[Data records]
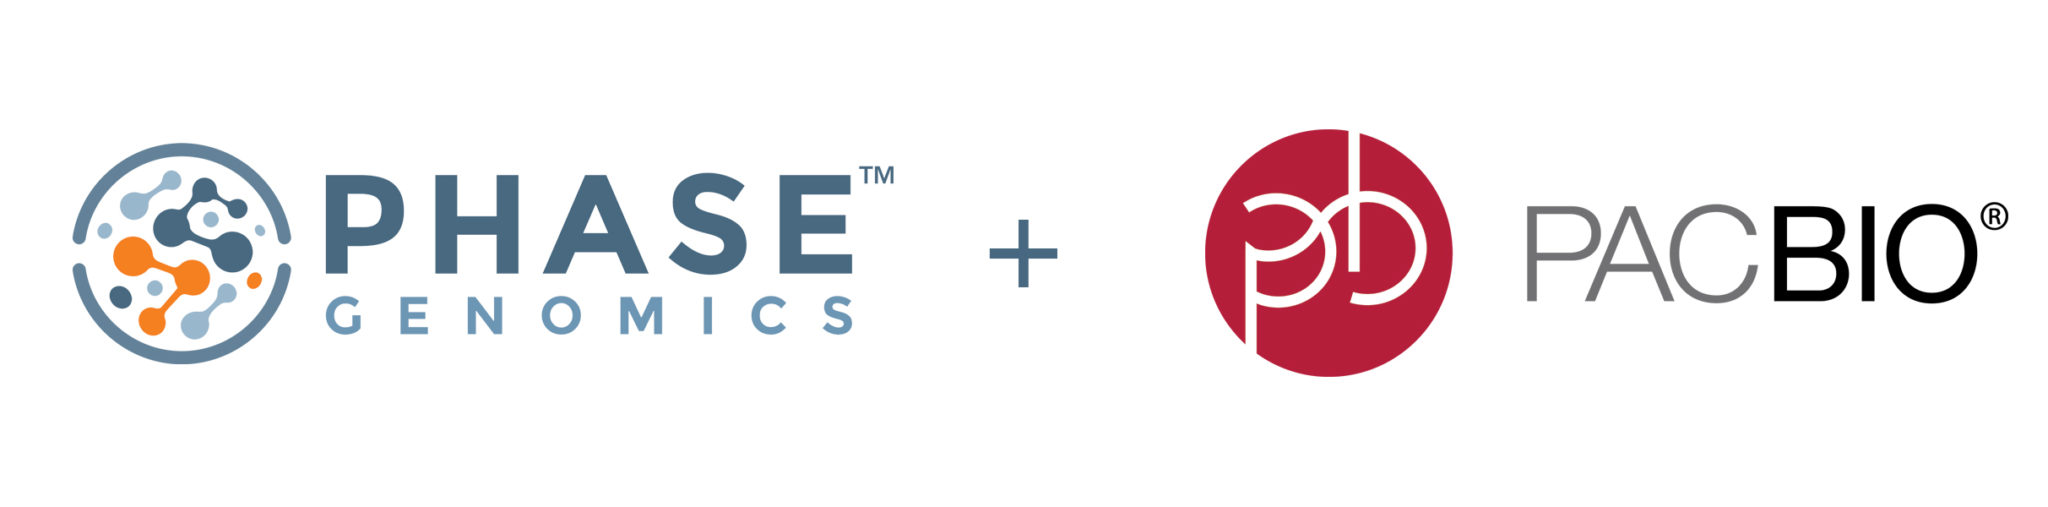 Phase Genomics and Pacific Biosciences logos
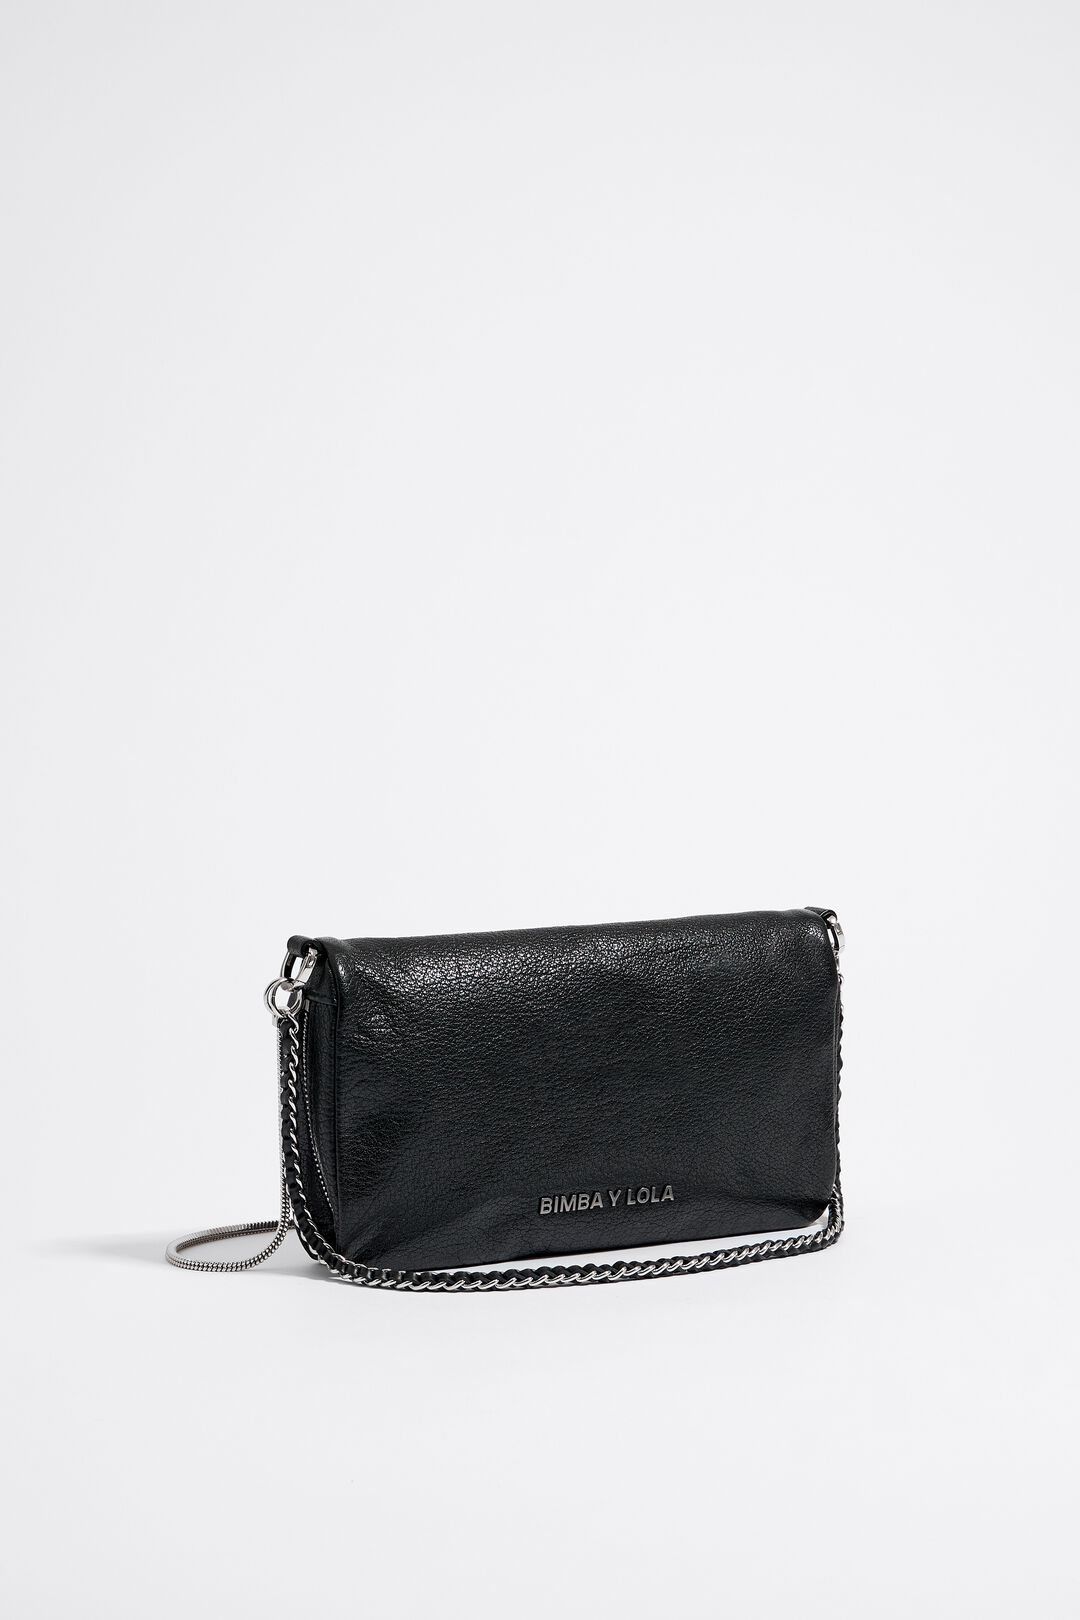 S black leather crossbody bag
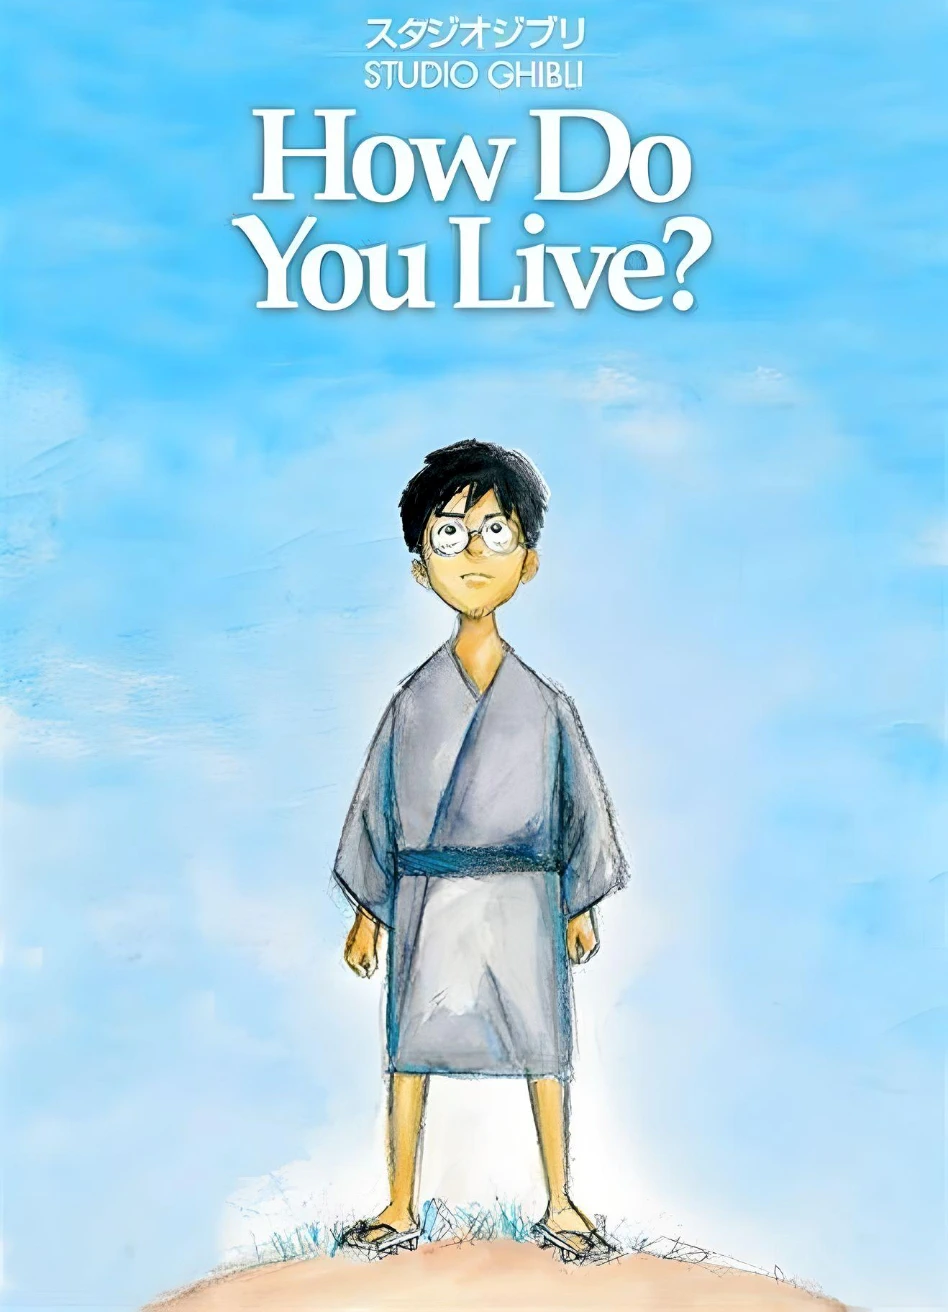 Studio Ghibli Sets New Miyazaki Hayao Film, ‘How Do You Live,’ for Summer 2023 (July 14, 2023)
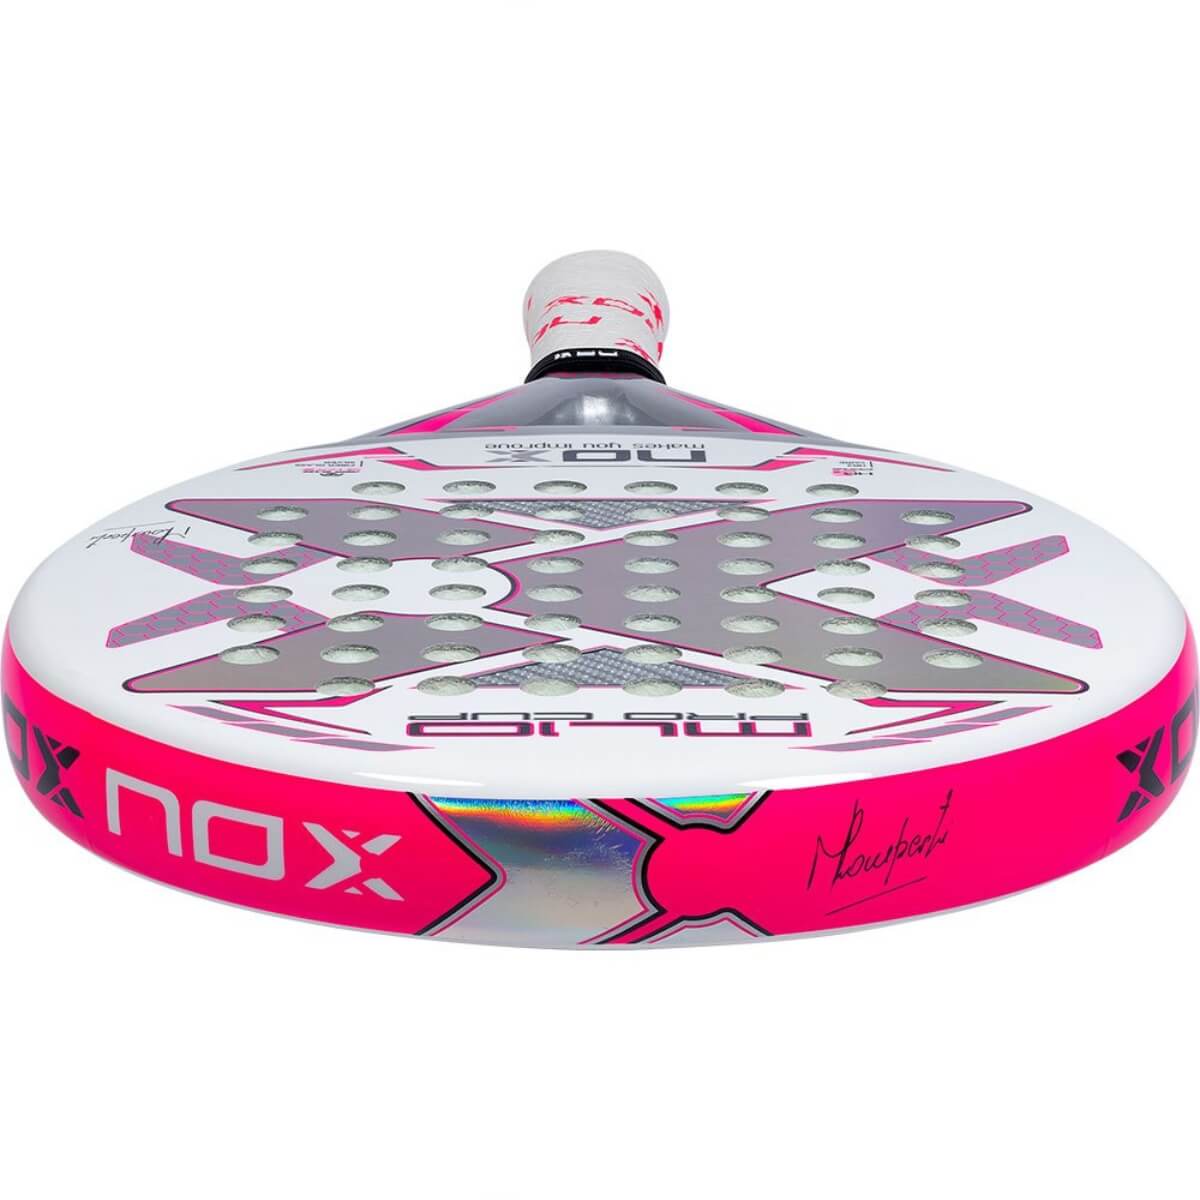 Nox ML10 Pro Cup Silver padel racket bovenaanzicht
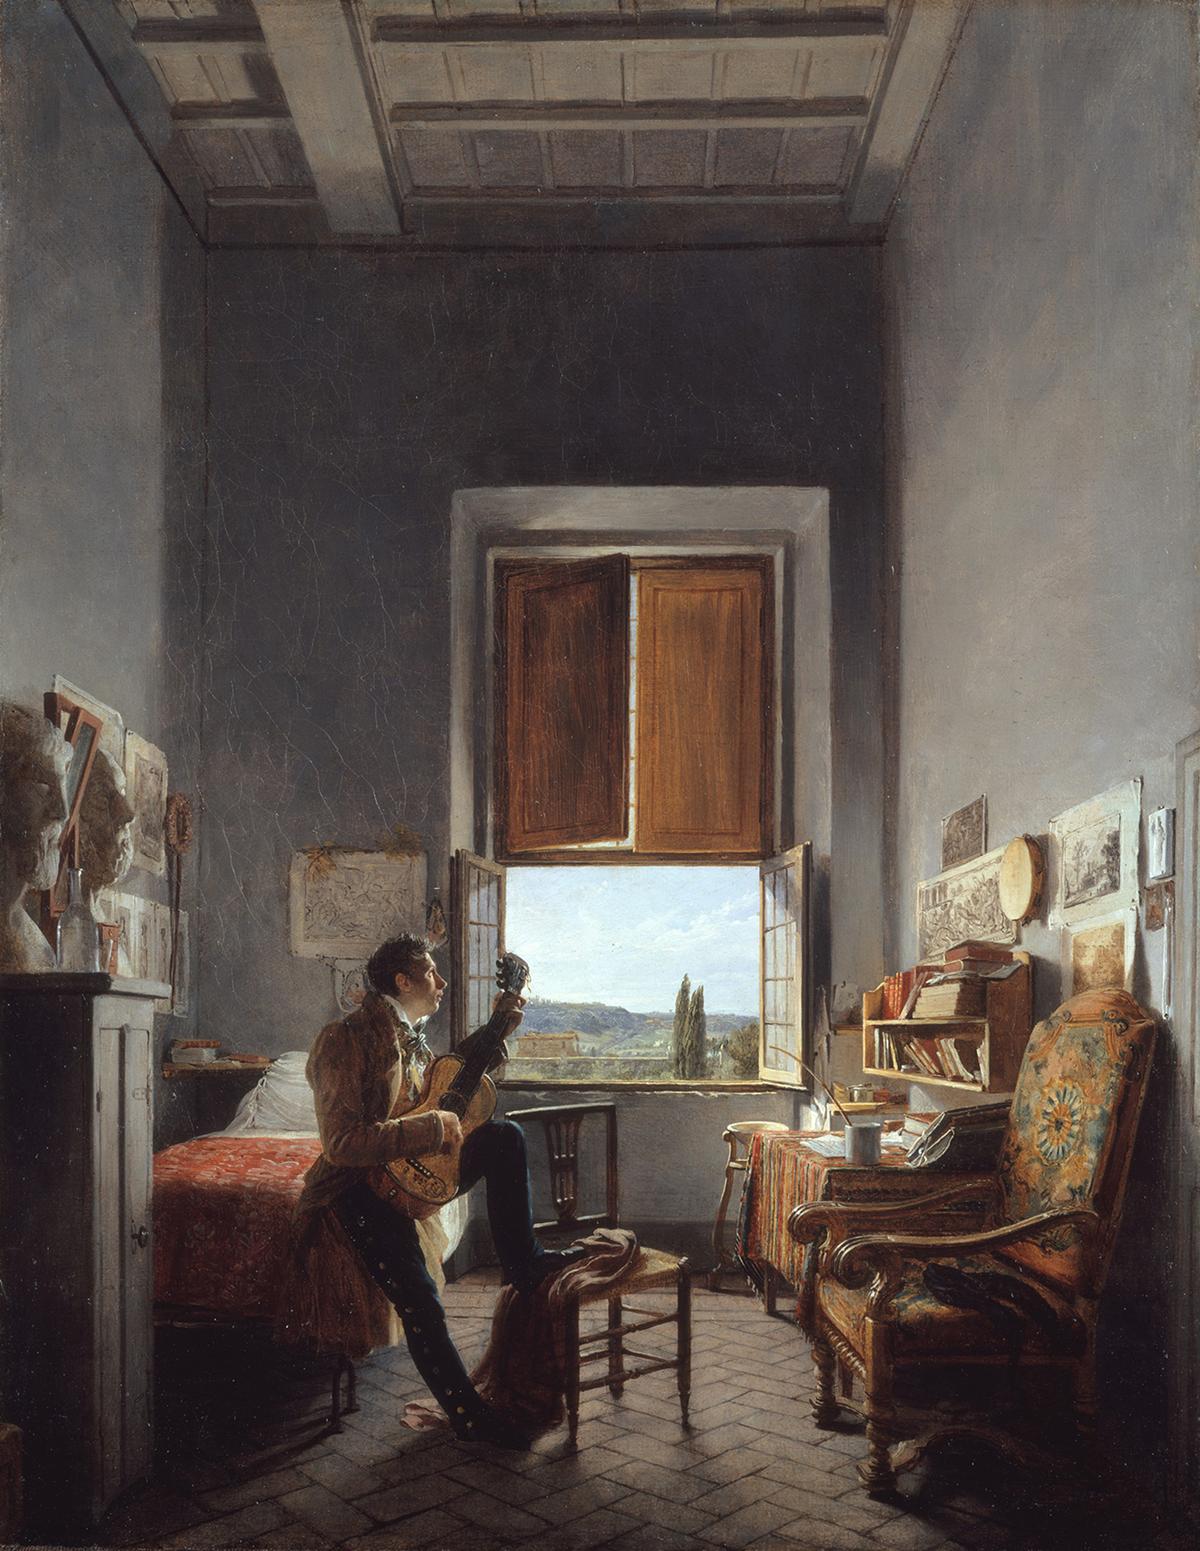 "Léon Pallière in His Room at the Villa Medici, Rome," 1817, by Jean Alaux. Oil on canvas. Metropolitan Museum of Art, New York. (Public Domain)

**WHAT YOU HAVE TO DO**
Pictures don't belong in the copy. Restate all the entries exactly.

**ANSWER TO THE EXERCISE**
 Phase Genomics and Pacific Biosciences logos
 S black leather crossbody bag
 Studio Ghibli Sets New Miyazaki Hayao Film, ‘How Do You Live,’ for Summer 2023 (July 14, 2023)
 Nox ML10 Pro Cup Silver padel racket bovenaanzicht
 "Léon Pallière in His Room at the Villa Medici, Rome," 1817, by Jean Alaux. Oil on canvas. Metropolitan Museum of Art, New York. (Public Domain)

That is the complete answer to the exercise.